Seriously, what's your deal, Child-Like Alligator Being -- are you my would-be friend? My bitterest but most incompetent enemy? WHAT SECRETS DO YOU HIDE!? If only this game had a whistle; I bet Bennie the Cab would make you talk!
Well, anyway..
In tour mode, you just keep going until you lose all your lives and continues. Each time you die, the bubbles reset to their initial positions and you have to play the level again.
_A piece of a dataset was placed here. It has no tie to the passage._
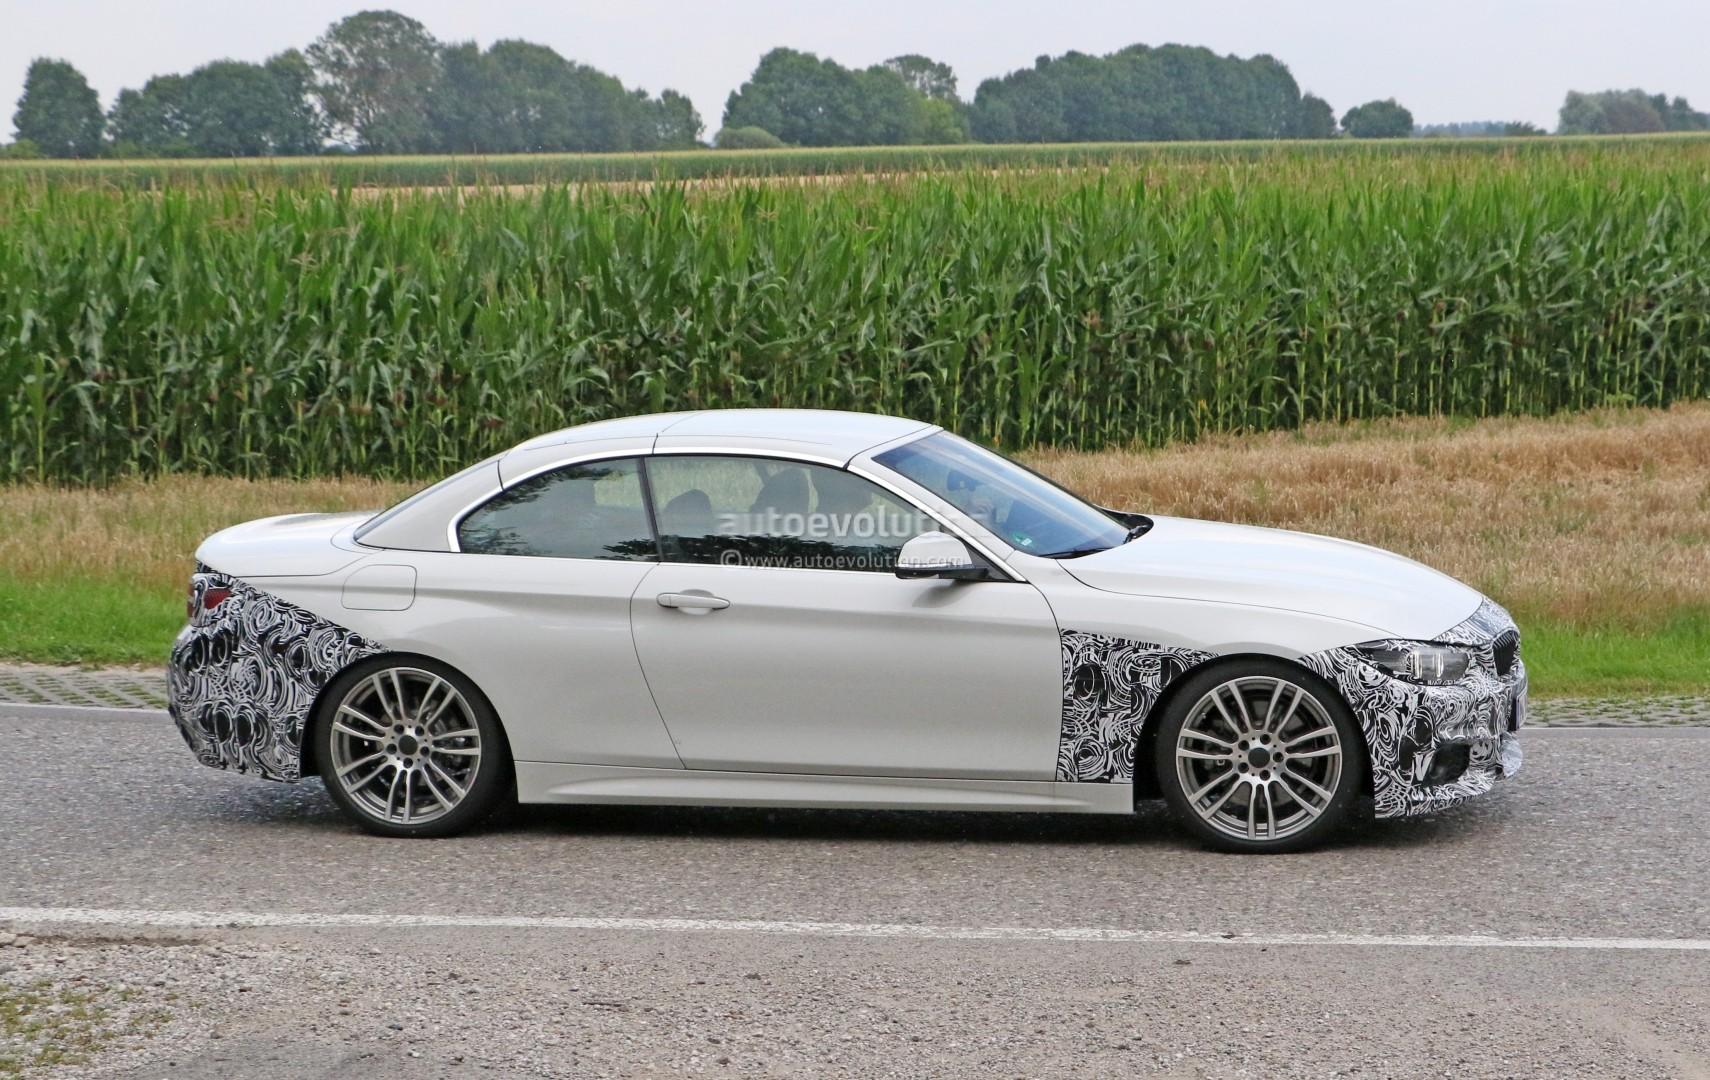 2018 BMW 4 Series Convertible Makes Spyshot Debut, Ready ...

When you lose all 3 of your lives, if you still have one of your (5? 6?) continues left, you continue on the same level; though your point total resets, and more importantly your collection of Fruit (ten of which give you an extra life) resets as well.
As you make progress you eventually get some extra-special super-duper positive feedback for ridding an entire continent of all its beachballs:
...then you keep going.
That's just good clean fun!
Overall it's a pretty decent little blast-em-up; I guess it gets points for being an arcade-y action/semi-puzzle game which has nothing to do with Tetris.
There's enough going on that it'll keep you occupied, there's very few levels that set you up for immediate failure...though there's a few that suck that way (and ironically, some of the worst levels have NO walls whatsoever -- they just start with a whole screen-full of balloons dumped on you).
Also it's kind of cute how each level has a picture of the country in question...and as you get to later countries that have more and more levels, you get "morning, evening, night time" etc versions of the same picture.
And oddly enough, another thing that keeps it light-hearted is that you don't carry over your weapon or item power-ups from level-to-level (or from life-to-life, but very few games do that).
Though many of the power-ups are quite good, it's usually (always?) predetermined which one will come from which sphere or destructible wall in each you don't need to obsess over hanging on to the Spread Gun or Forcefield because you're going to lose it before the next level anyway.
Yes, overall, a pretty acceptable little game...
Pretty fun, not much depth to it, and it probably wouldn't take too long to get good enough to win the world tour.
But there's just one thing that bothers me: ONE THIRD OF THE TITLE IS INACCURATE!
Since there's no Two-Player mode, this game only contains one "Buster Brother" -- why is the game called "Super Buster BROS"?!
Let's see if Pitfall Harry knows the answer!
"Forget the Buster Brother(s), I'm hangin' with M.C. Kids!"